I remember very clearly the day Wes Nishimura died. I was standing in front of the cafeteria at Westmont College, listening in disbelief as a friend told me that Wes had killed himself.

That was November 2003, during our junior year of college. Wes and I had been friends during freshman year, largely because he lived directly downstairs from me in the dorms. He was also the subject of the first news article I ever wrote, a profile assignment for a journalism class. As our schedules got busier, our friendship dissipated, although I never took for granted his friendly, unassuming smile or the warm way he greeted everyone who crossed his path. I grew to know him more as an artist, a creator of bright, innovative images in the style of old Japanese paintings.

Wes Nishimura

Although there are plenty of things to remember about Wes, one of his best friends from Westmont, Dustin Vereker, decided recently that the best way to pay tribute to Wes was to put together a collection of his artwork along with other pieces done by friends.

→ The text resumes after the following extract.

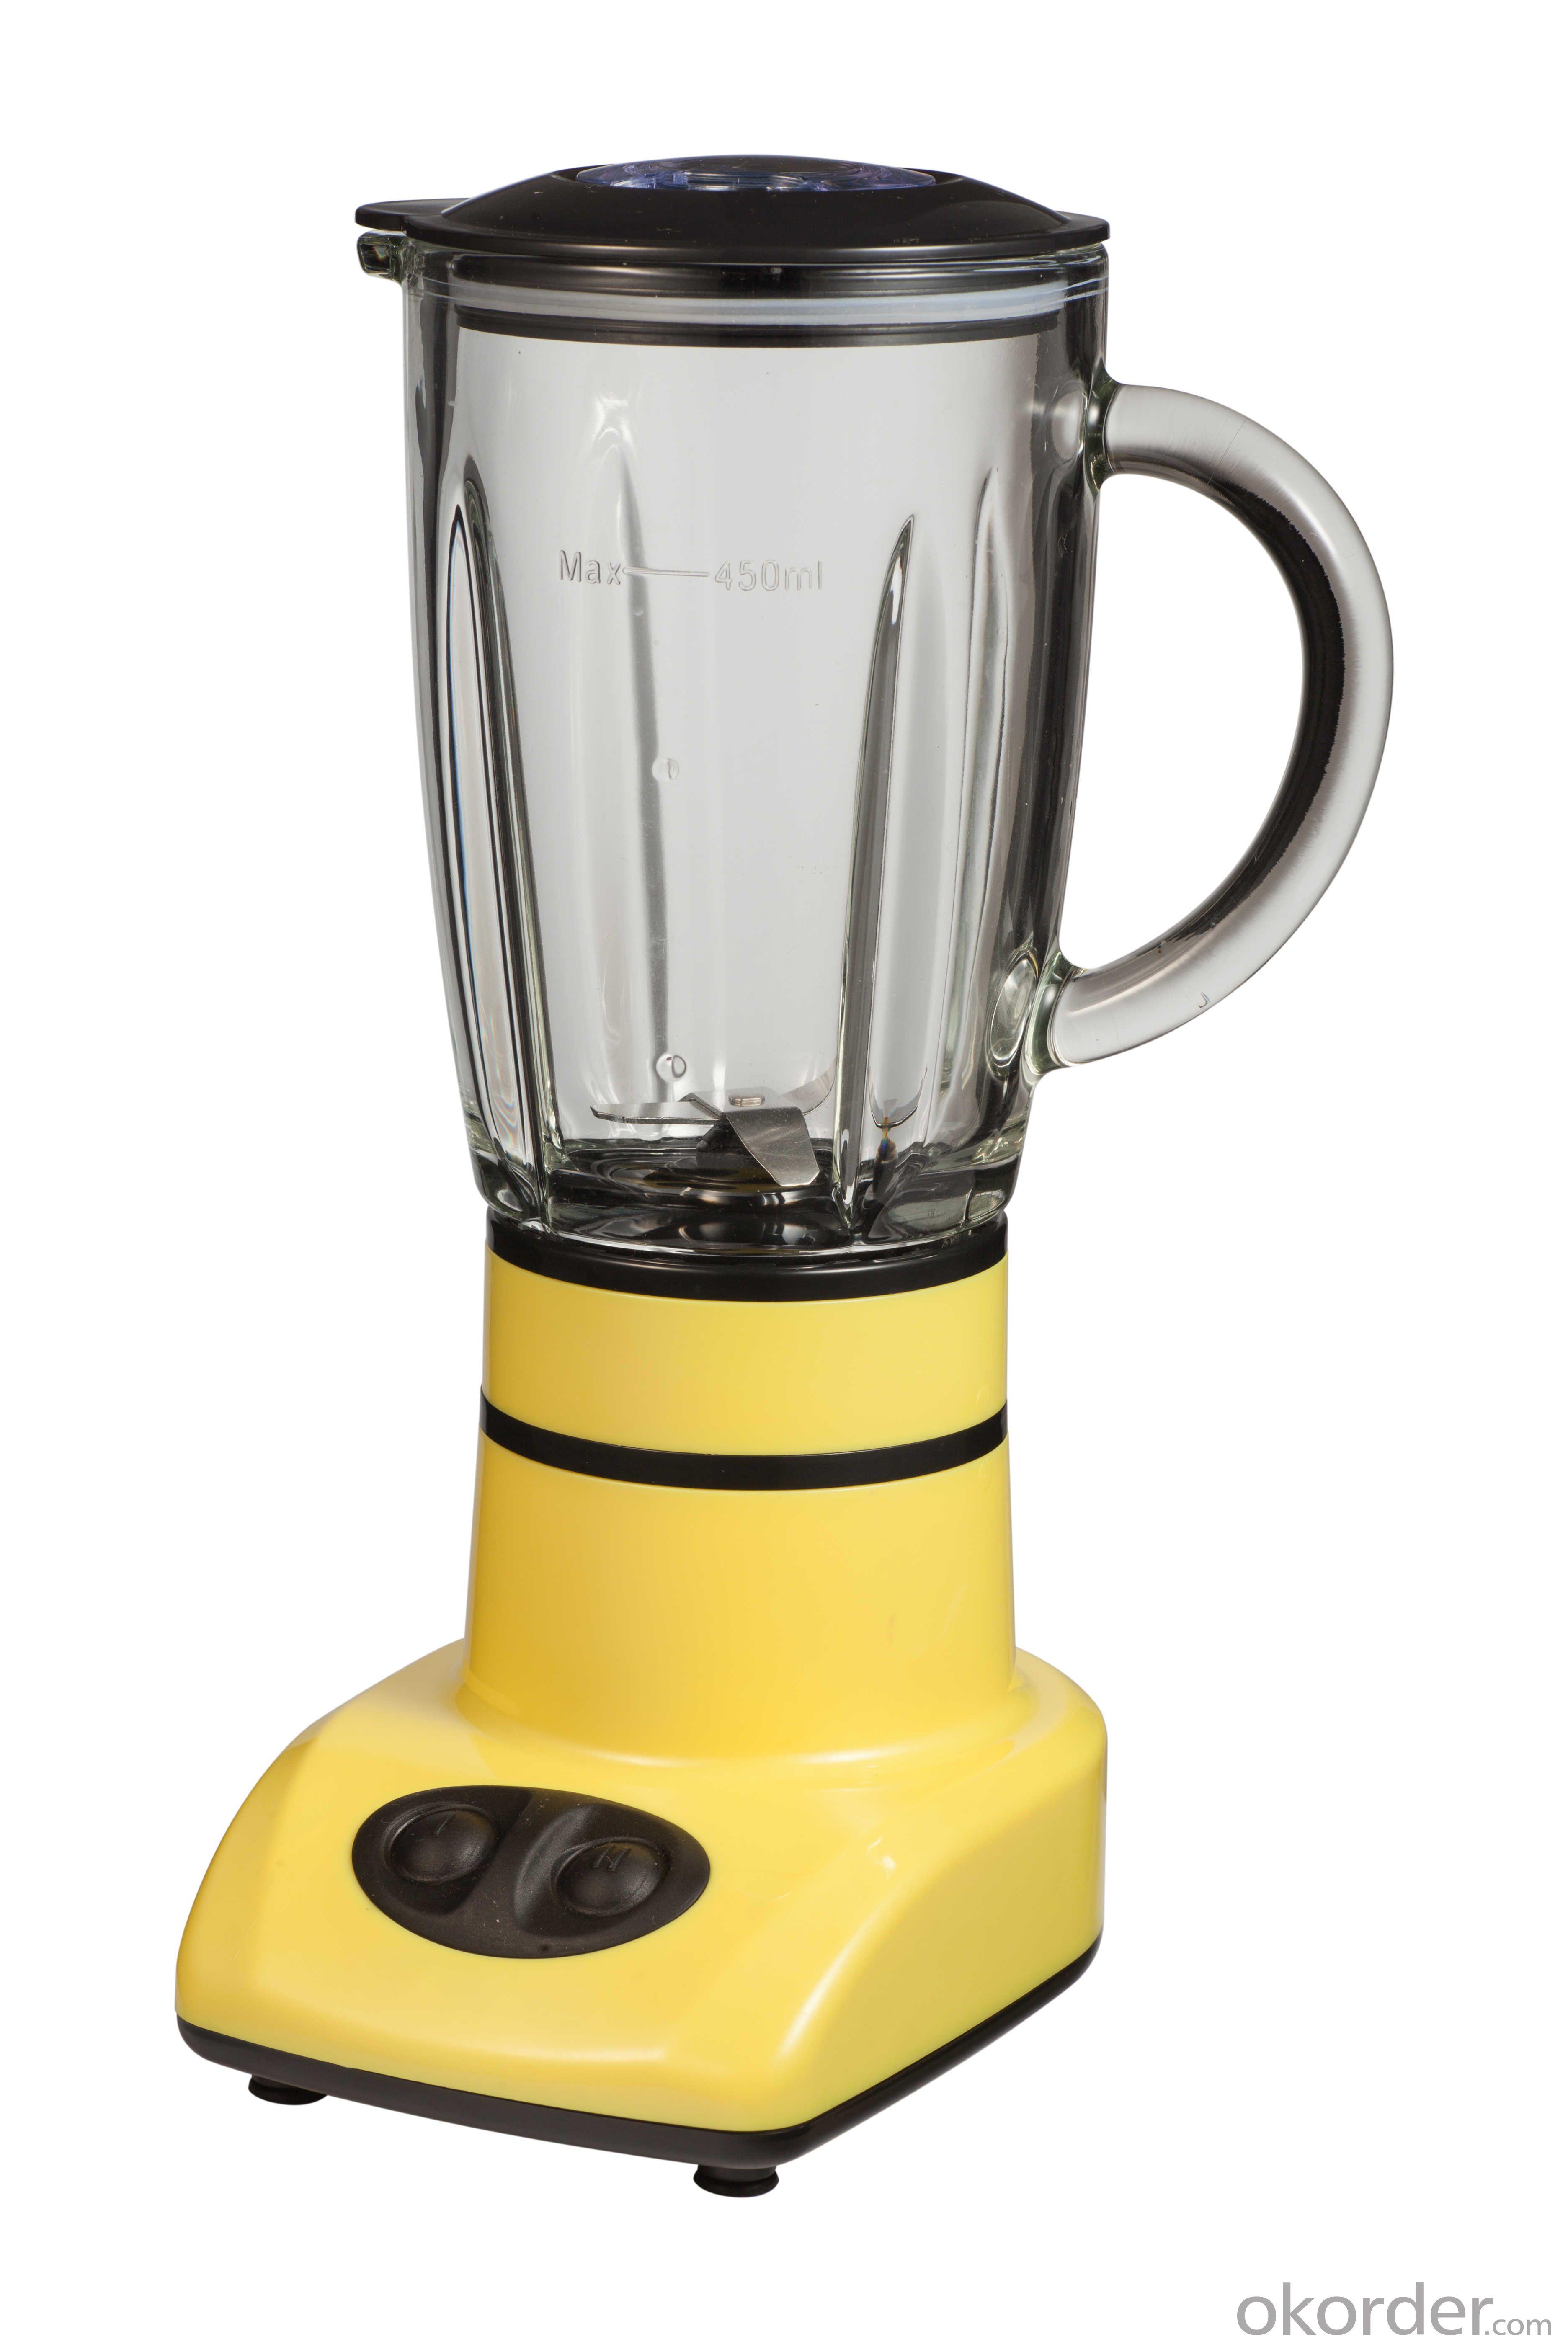 Two speeds and glass jar blender DZ-2009G

After returning to California from Japan where he lived for two-and-a-half years with his wife, Vereker said Wes had been on his mind more than usual. “I also started thinking about Wes’s family, and I wanted them to know that there are people out there who still care and think about Wes often,” Vereker said. “I started thinking about a way that I could honor both him and his family, and with Wes’s passion for art, an art show in his honor and memory seemed like a no-brainer.”

After running the idea by friends Jordan Darby and Cameron and Sarah Squire, Vereker checked with Allan Nishimura, who was grateful and excited about the project. Sarah Squire currently is the arts coordinator at Westmont, and while she worked on the logistics, Darby, Vereker, and Allan culled together Wes’s artwork and contacted other friends who might want to contribute. The result is this Saturday evening’s one-night-only event at Westmont’s Deane Chapel, which is a combination art exhibit, slideshow of photographs of Wes’s life that Allan put together, and concert of songs selected and performed by Darby and Cameron Squire.

“There was never a dull moment with Wes around,” Vereker remembered of his first-year roommate, who had a penchant for Bob Marley posters and Misfits gear. “Every Friday night, after classes were over, Wes would come back to the dorm with a sinister sort of glee in his eye and ask, ‘So, what are we going to do tonight?'”

When it came to his art, Wes was a man of many talents. Although photography was not his medium of choice, he produced excellent pictures for an art assignment that required him to document different fundamentals of art. “He took a little two mega-pixel camera around town and came back with some of the best photographs I’ve ever seen,” Vereker recalled of the project. “Wes saw the world around him with such detail and with a degree of beauty that I wish I could begin to fathom.”

It is through this lens that we remember-always, but particularly this Saturday-Wes Nishimura’s life and art. “Wes was a true artist,” Vereker said, “and I think he saw the world as a living canvas in which he could participate.”


Enjoy an evening of art and music in remembrance of Wes Nishimura on Saturday, December 13, at 7 p.m. at Deane Chapel at Westmont College (955 La Paz Rd.). Donations, which will go to the Wes Nishimura Memorial Art Scholarship at Westmont, will be taken at the door.